But as an extremely belated followup, we are finally planning to at least tackle part of this for api.data.gov. In the next couple weeks we're planning to rollout functionality that will force all new APIs we host to HTTPS (and you can thank the HTTPS standard site going live for jogging my memory). Even though I've been trying to informally encourage all new users to use HTTPS, it easily gets missed as soon as people start exchanging links with HTTP in them. This should at least help us stem the tide of non-HTTPS APIs and ensure all new agencies moving forward on api.data.gov will be HTTPS-only (I just wish we had tackled this earlier). I may also try to implement something to try to ensure that new API keys that are signed up for are only used via HTTPS, even for existing APIs (but I'm less sure about how feasible that will be to implement).

Then the second part of this task becomes migrating existing APIs to HTTPS-only.

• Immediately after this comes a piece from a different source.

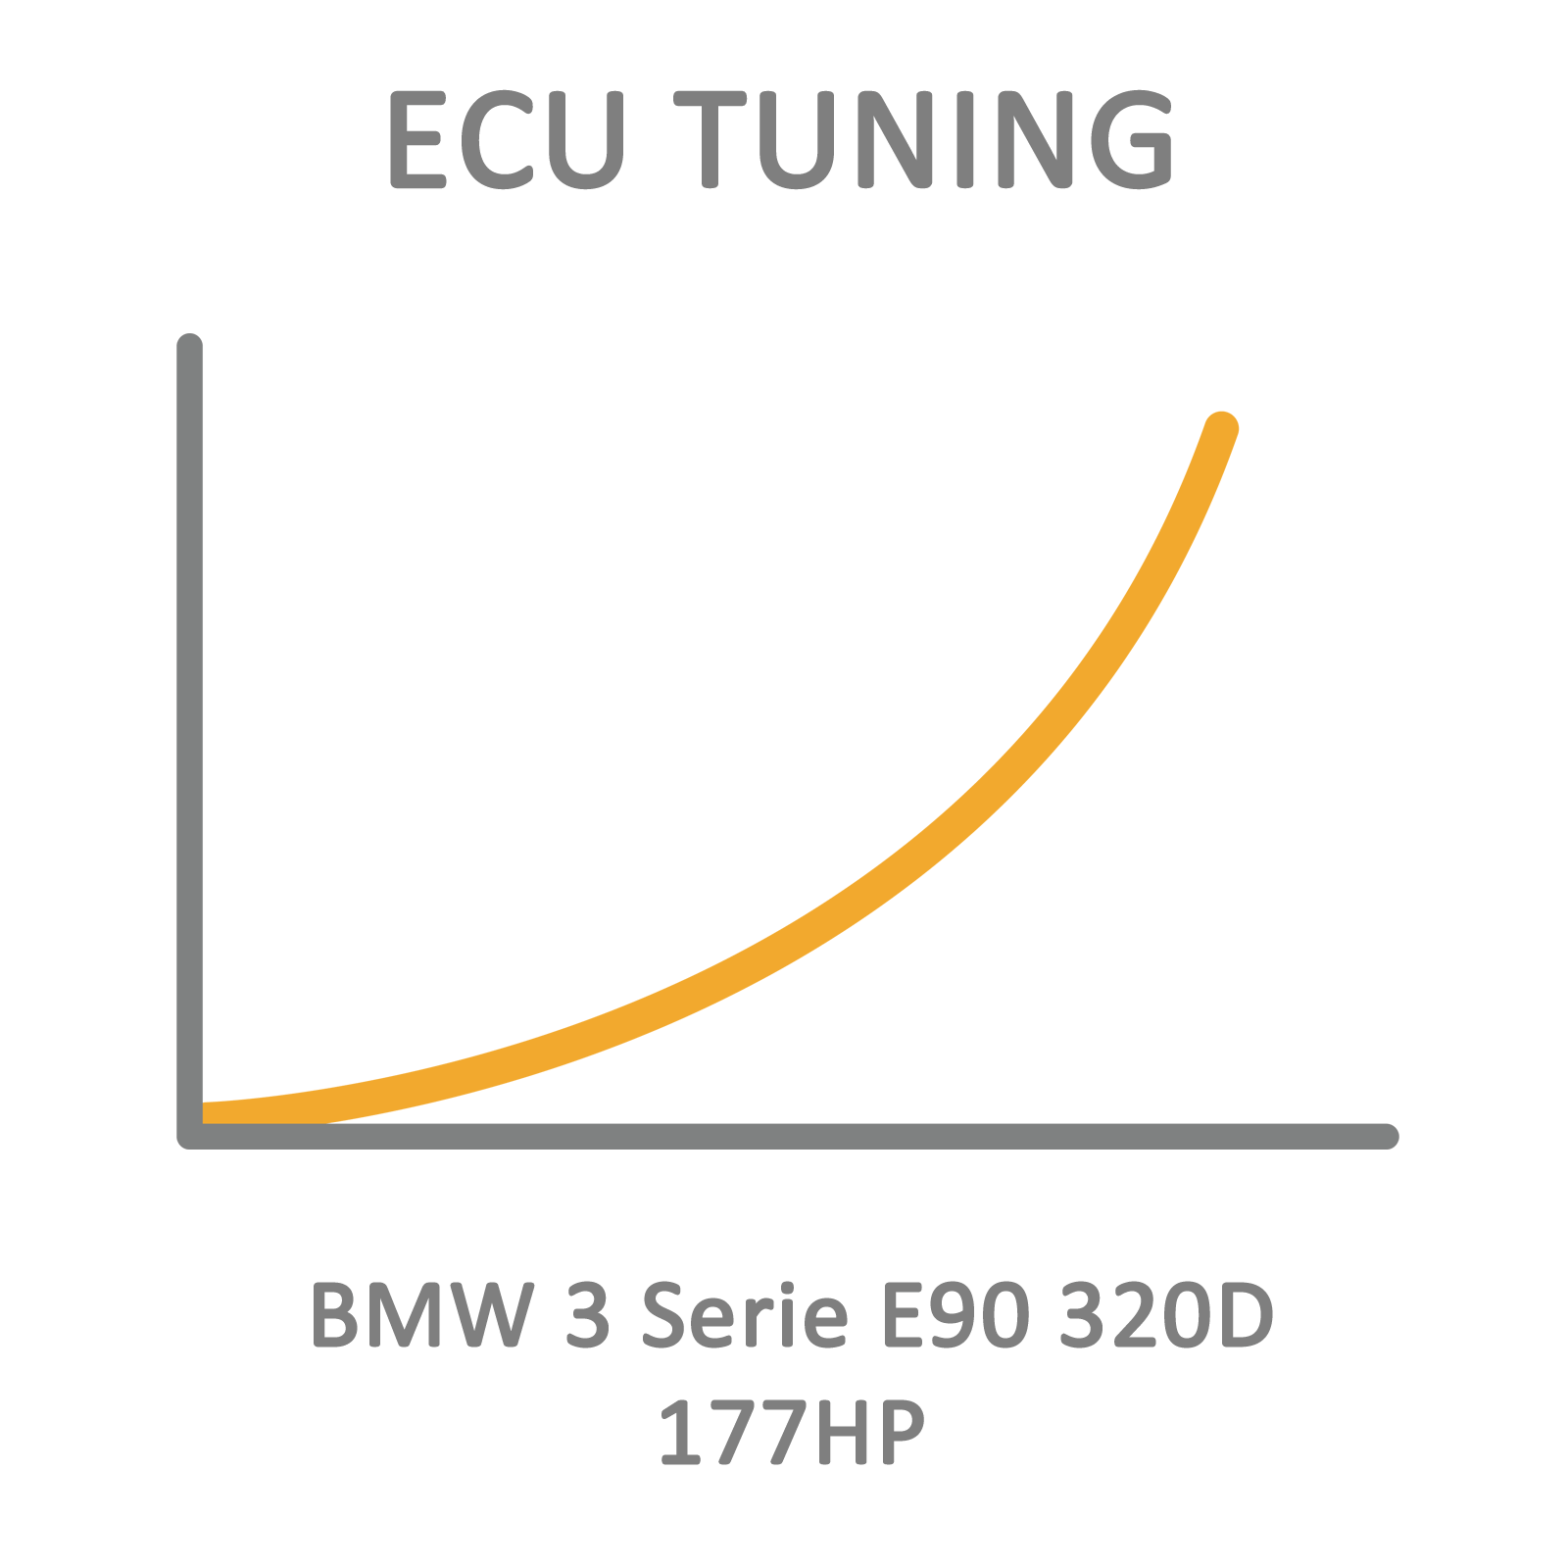 BMW 3 Series E90 320D 177HP ECU Tuning Remapping Programming

As we've discussed, that's a little more complicated and will require a little more coordination/communication, but it's certainly doable. But we at least wanted to start with the simpler task of ensuring new clients are HTTPS-only, and then we can begin to work with existing agencies on potential migration.

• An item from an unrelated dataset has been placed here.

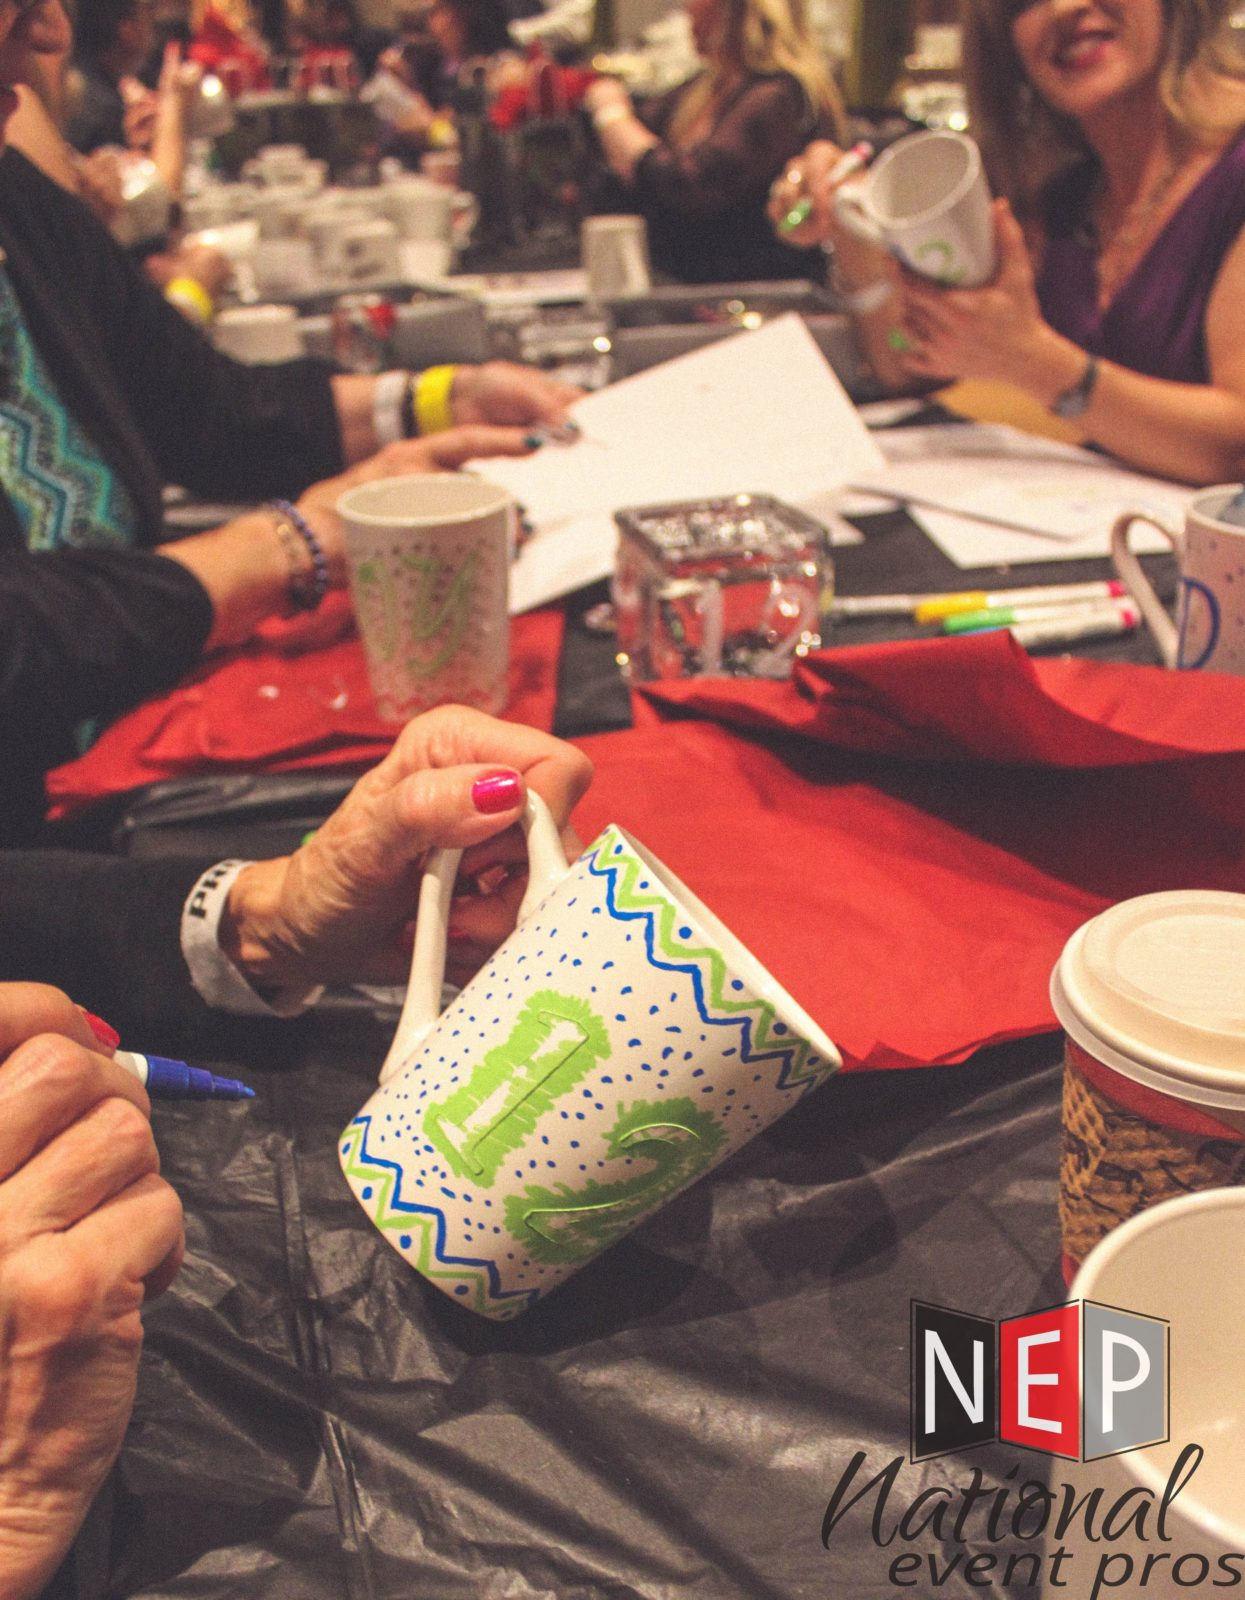 Custom Arts and Crafts Event Activity

And yeah, I'd definitely be happy to share our experiences and things we learn.

Thanks again for everything you're doing to push HTTPS forward, and sorry for the super-long delay in following up!

@konklone
Copy link
Author

In the next couple weeks we're planning to rollout functionality that will force all new APIs we host to HTTPS (and you can thank the HTTPS standard site going live for jogging my memory).

Awesome.

I may also try to implement something to try to ensure that new API keys that are signed up for are only used via HTTPS, even for existing APIs (but I'm less sure about how feasible that will be to implement).

That's fascinating. If that is feasible, that's exactly the kind of case study I'd like to document.

Then the second part of this task becomes migrating existing APIs to HTTPS-only. As we've discussed, that's a little more complicated and will require a little more coordination/communication, but it's certainly doable. But we at least wanted to start with the simpler task of ensuring new clients are HTTPS-only, and then we can begin to work with existing agencies on potential migration.

Absolutely. I don't underestimate the challenge. The kinds of steps you think of will also be useful.

Thanks again for everything you're doing to push HTTPS forward, and sorry for the super-long delay in following up!

Thank you for being so supportive of the transition!

@GUI
Copy link
Member

GUI commented Mar 30, 2015

This has been rolled out to production. Any new API backends we setup will default to HTTPS-only access. All existing APIs continue to be accessible over HTTP or HTTPS, but I've introduced a couple new "transitionary" options that can be applied to individual API backends to hopefully aid in eventually switching these over to HTTPS.

The transition options allow for any existing API keys to continue accessing APIs over HTTP (to prevent breaking usage for current users). However, any new API keys created after the transition mode is put into place on an API will be forced to use HTTPS. As a separate task, I think we can talk with existing agencies about at least putting their APIs into this transition mode. It should be a very safe option, since it doesn't affect existing users, the only reason I didn't default everyone to this already is that I think we should talk to agencies about this first and help ensure that their docs are using HTTPS links. This will just ensure new users have a smooth experience and don't encounter docs referencing insecure HTTP links, which would results in possible errors for the new users.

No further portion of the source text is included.